-- Supplied records --
━━━━━━

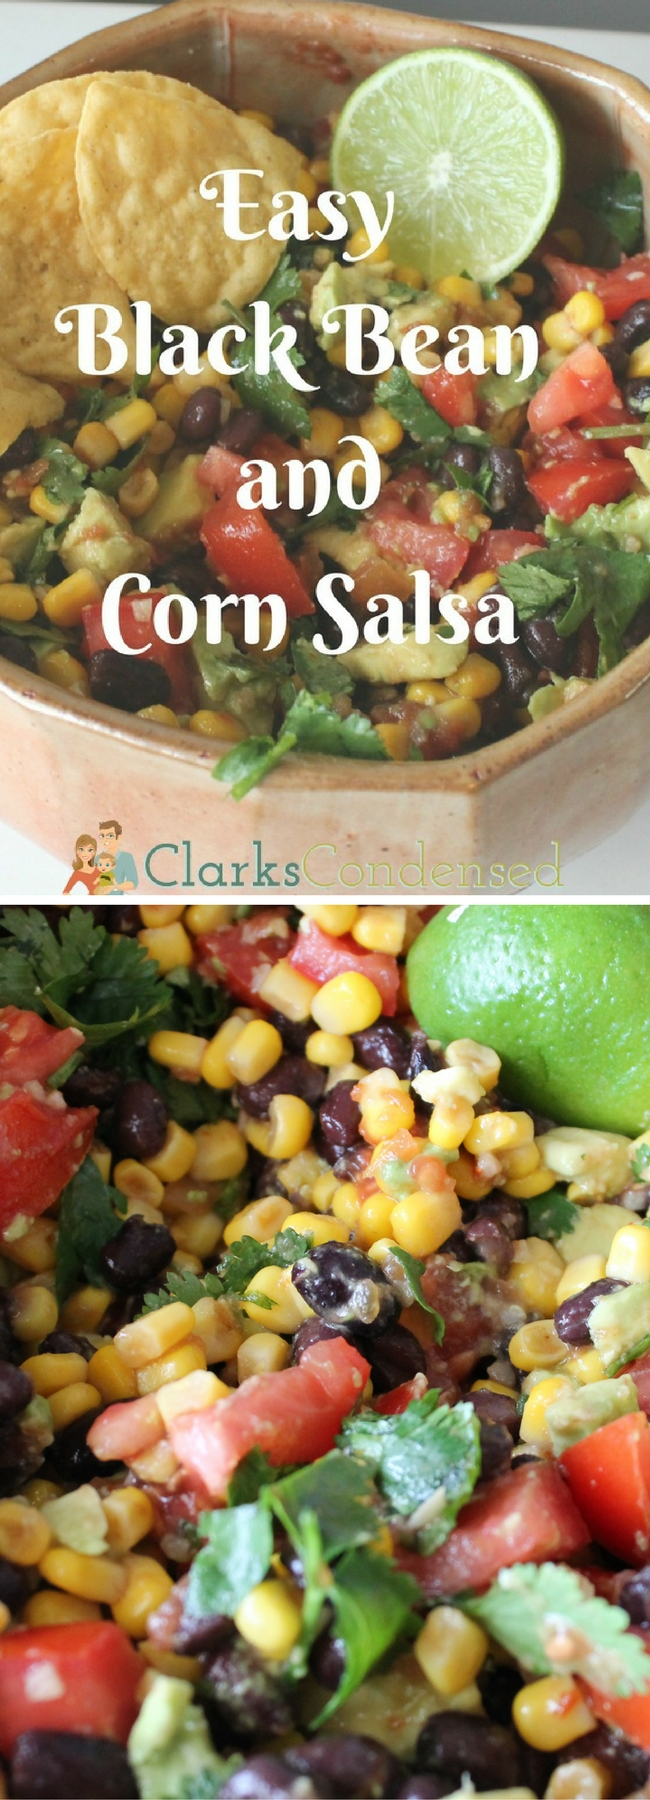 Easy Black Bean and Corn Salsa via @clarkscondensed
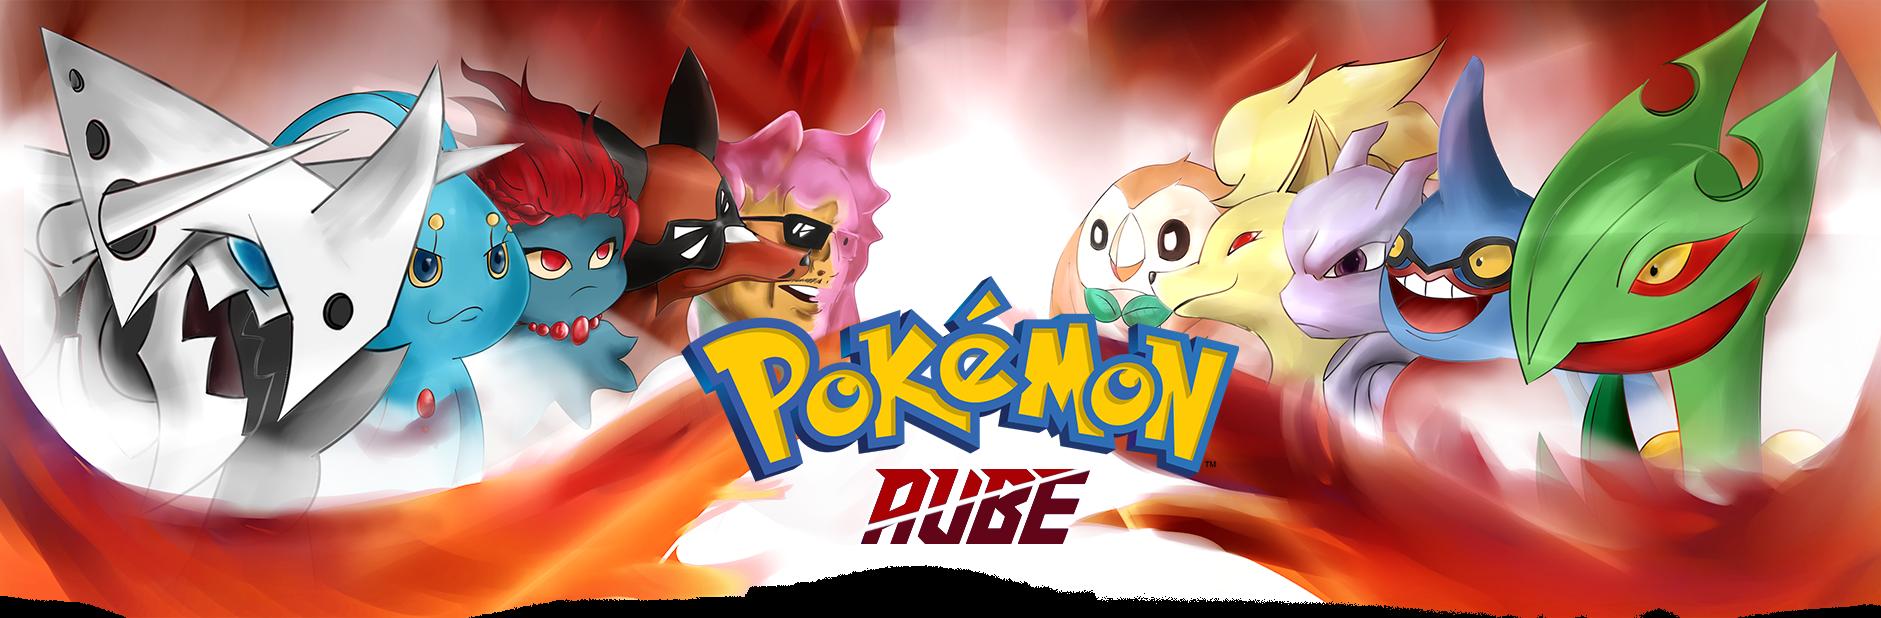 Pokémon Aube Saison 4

━━━━━━

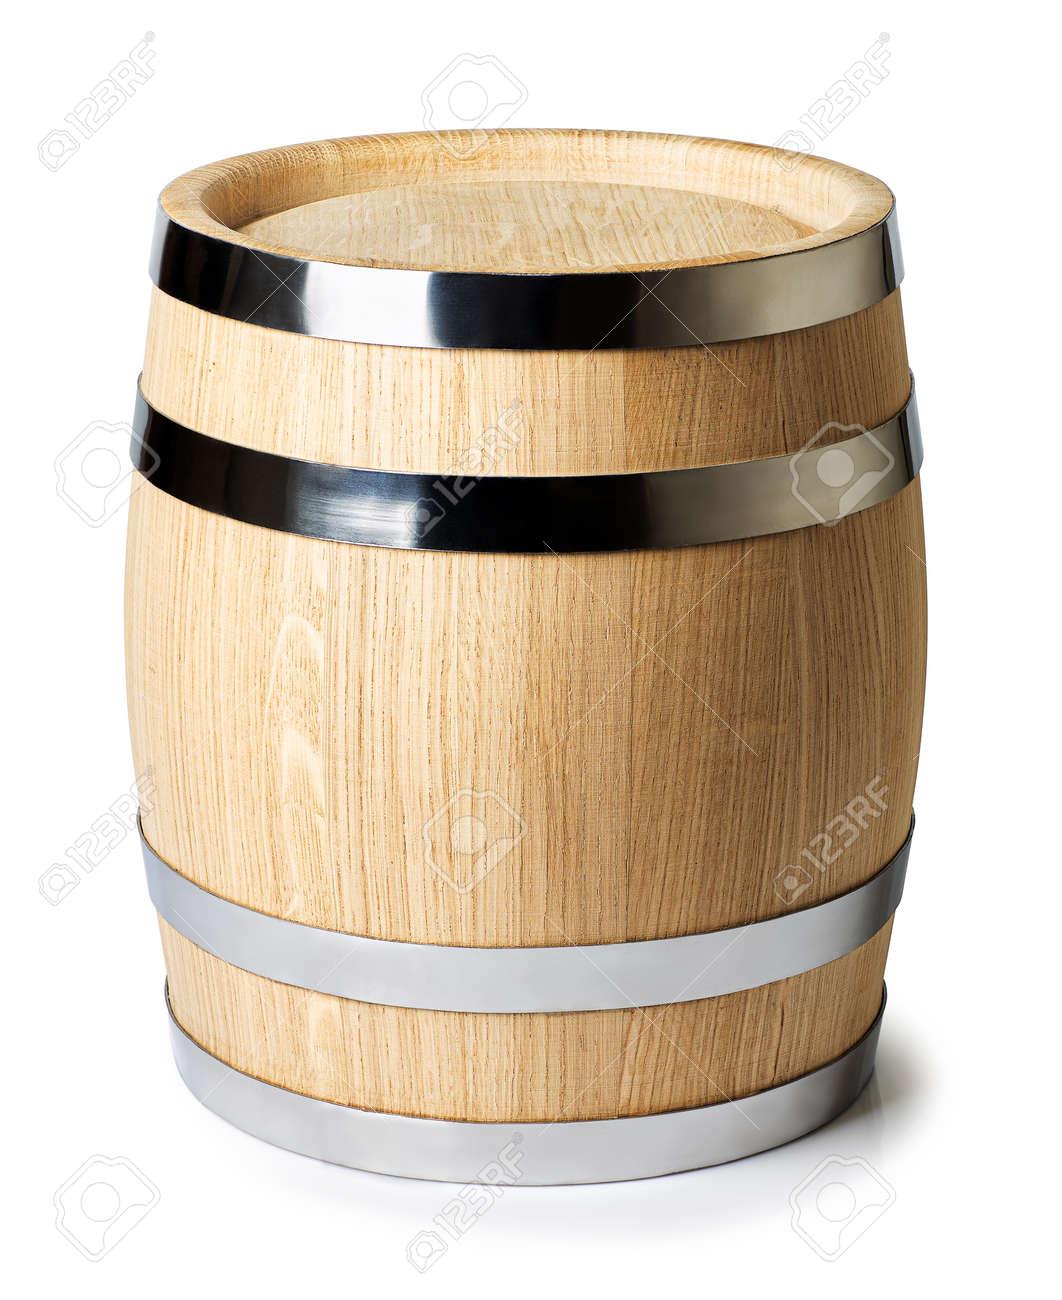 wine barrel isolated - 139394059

━━━━━━

For this exercise, please set down exactly the lines of the listing above from the line with "Easy Black Bean" up to and including the line with "Pokémon Aube Saison 4", and no pictures.

 Easy Black Bean and Corn Salsa via @clarkscondensed
 Pokémon Aube Saison 4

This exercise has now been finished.